Type Behavior Use Case
{:timeout, ms, event} Generic — survives state changes Periodic polling
{:state_timeout, ms, event} Resets on state change Per-state deadlines
{:event_timeout, ms, event} Resets on any event Inactivity detection

Key Actions in Return Tuples

# Return format: {:next_state, new_state, new_data, actions}
actions = [
  {:reply, from, response},                    # Reply to caller
  {:state_timeout, 30_000, :deadline},          # State-scoped timeout
  {:timeout, 5_000, :poll},                     # Generic timeout
  :postpone,                                    # Defer event to next state
  :hibernate,                                   # Reduce memory footprint
  {:next_event, :internal, :setup}              # Queue internal event
]

When to Use GenStateMachine vs GenServer

Scenario Use
Simple key-value state, CRUD GenServer
Request/response server GenServer
Well-defined state transitions GenStateMachine
Need built-in timeouts per state GenStateMachine
Events valid only in certain states GenStateMachine
Agentic workflow with phases GenStateMachine
Need postpone/defer semantics GenStateMachine

Supervisors — Let It Crash

Child Specifications

Every supervised process needs a child spec — a map describing how to start, restart, and shut it down:

%{
  id: MyWorker,                    # Unique identifier (required)
  start: {MyWorker, :start_link, [arg]},  # {Module, Function, Args} (required)
  restart: :permanent,             # :permanent | :transient | :temporary
  shutdown: 5_000,                 # Timeout in ms, or :brutal_kill, or :infinity
  type: :worker                    # :worker | :supervisor
}

use GenServer / use Supervisor auto-generates child_spec/1 — you rarely write these by hand.

Restart Semantics

Strategy Behavior
:permanent Always restart (default) — use for core services
:transient Restart only on abnormal exit — use for temporary workers that should complete
:temporary Never restart — spec auto-deleted on exit

What counts as "normal" exit: :normal, :shutdown, {:shutdown, term} — these suppress error logs too.

Crash Budget

opts = [
  strategy: :one_for_one,
  max_restarts: 3,         # Max restarts within window (default: 3)
  max_seconds: 5           # Window in seconds (default: 5)
]

Exceed the budget and the supervisor itself exits with :shutdown — escalating to its supervisor.

Strategies

defmodule MyApp.Application do
  use Application

  @impl true
  def start(_type, _args) do
    children = [
      MyApp.Repo,                                        # Start first
      {MyApp.Cache, []},                                 # Depends on Repo
      {Task.Supervisor, name: MyApp.TaskSupervisor},
      MyAppWeb.Endpoint                                  # Start last
    ]
    opts = [strategy: :one_for_one, name: MyApp.Supervisor]
    Supervisor.start_link(children, opts)
  end
end
  • :one_for_one — restart only crashed child (most common)
  • :one_for_all — restart all if any crashes (tightly coupled; usually too aggressive)
  • :rest_for_one — restart crashed + all started after it (use when startup order = dependency order)

Shutdown order is reverse start order.
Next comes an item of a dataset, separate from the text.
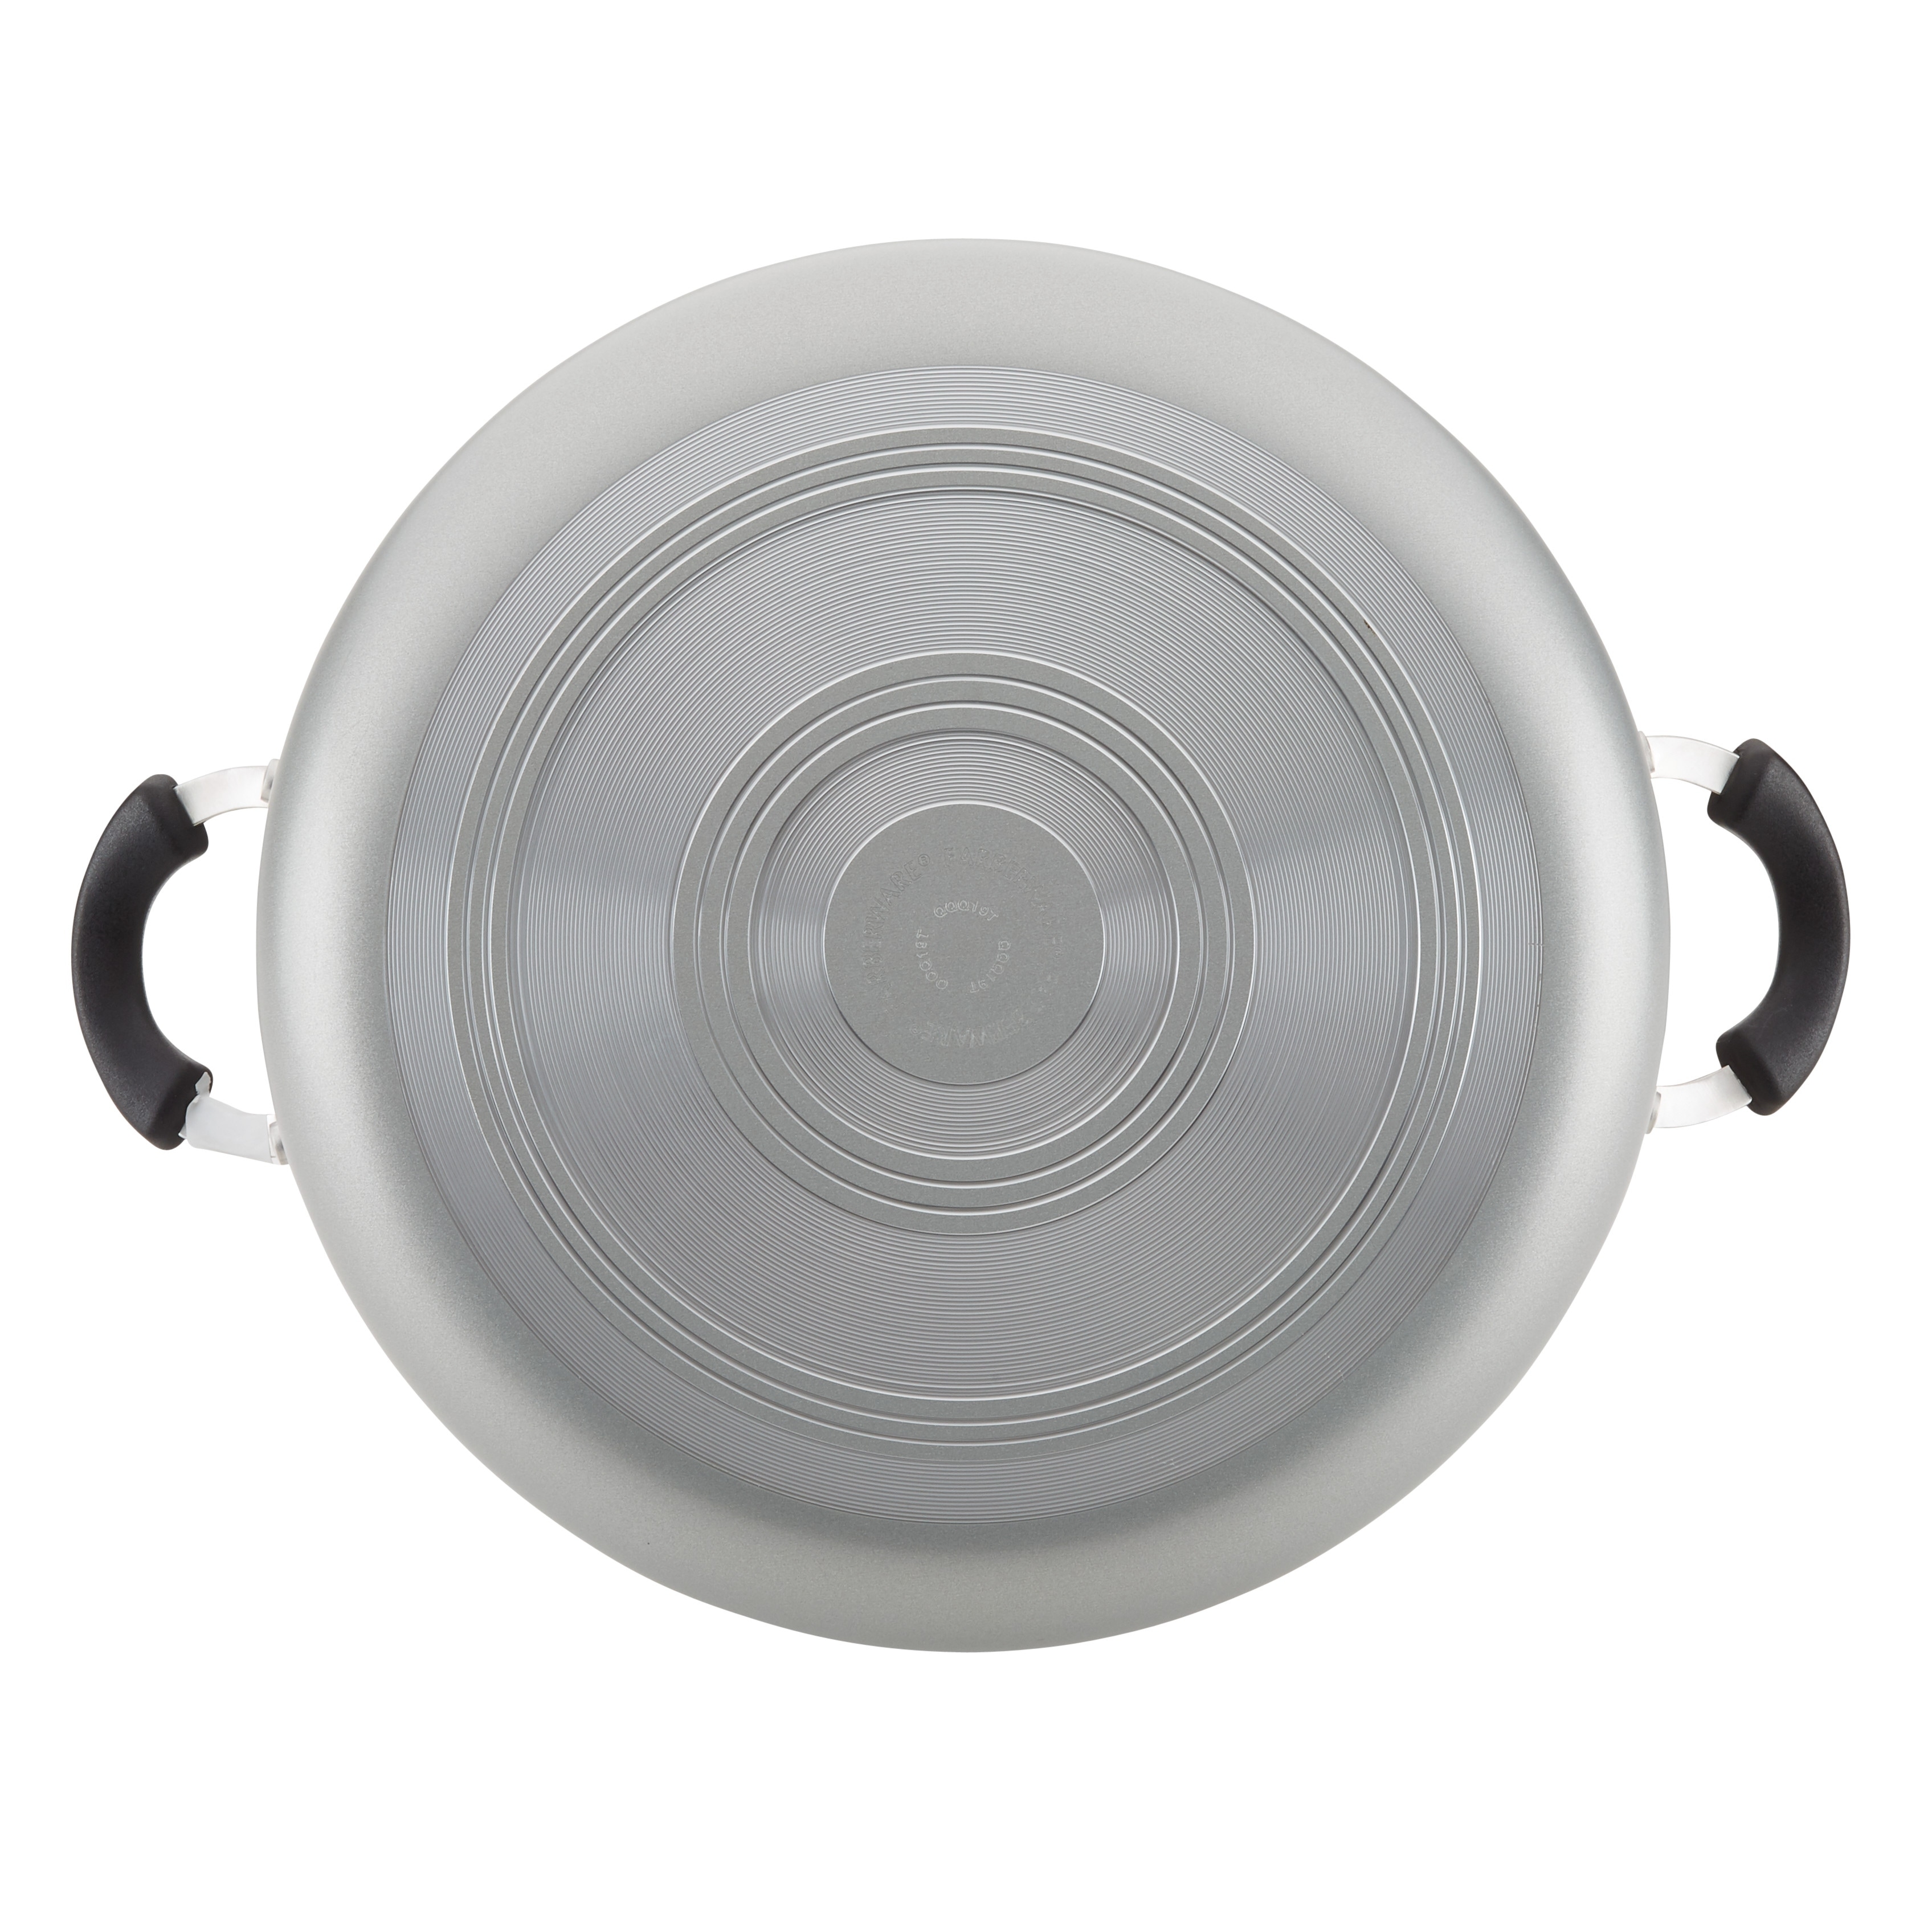 Farberware Cookware Aluminum Nonstick Covered Stockpot, 10.5-Quart, Silver  - Bed Bath & Beyond - 38405891

If a child exceeds its :shutdown timeout, it gets killed.

auto_shutdown (Elixir 1.19+)

Supervisor.start_link(children,
  strategy: :one_for_one,
  auto_shutdown: :any_significant  # or :all_significant
)

The supervisor exits automatically when significant children (marked with significant: true in child spec) terminate.

DynamicSupervisor

For children started on demand at runtime:

defmodule MyApp.SessionSupervisor do
  use DynamicSupervisor

  def start_link(_), do: DynamicSupervisor.start_link(__MODULE__, :ok, name: __MODULE__)
  def init(:ok), do: DynamicSupervisor.init(strategy: :one_for_one)

  def start_session(session_id) do
    DynamicSupervisor.start_child(__MODULE__, {MyApp.Session, session_id})
  end

  def count, do: DynamicSupervisor.count_children(__MODULE__)
  def list, do: DynamicSupervisor.which_children(__MODULE__)
end

When to use DynamicSupervisor vs Supervisor:

  • DynamicSupervisor — children start on demand, large populations, no ordering needed
  • Supervisor — mostly static children, startup order matters, small fixed set

Bottleneck? DynamicSupervisor is a single process. Use PartitionSupervisor to distribute load:

{PartitionSupervisor,
  child_spec: DynamicSupervisor,
  name: MyApp.PartitionedSupervisors}

# Start child on a partition
DynamicSupervisor.start_child(
  {:via, PartitionSupervisor, {MyApp.PartitionedSupervisors, self()}},
  child_spec
)

Agent — Simple State Container

For simple state sharing when GenServer is overkill:

{:ok, agent} = Agent.start_link(fn -> %{} end, name: :cache)

Agent.update(:cache, &Map.put(&1, :key, "value"))
Agent.get(:cache, &Map.get(&1, :key))

# Atomic read-modify-write
Agent.get_and_update(:cache, fn state ->
  {Map.get(state, :key), Map.put(state, :key, "new_value")}
end)

Limitations: No message handling, no lifecycle callbacks, no state enter/exit logic. If you need any of that, use GenServer. Anonymous functions fail across distributed nodes — use {module, fun, args} form for distributed Agents.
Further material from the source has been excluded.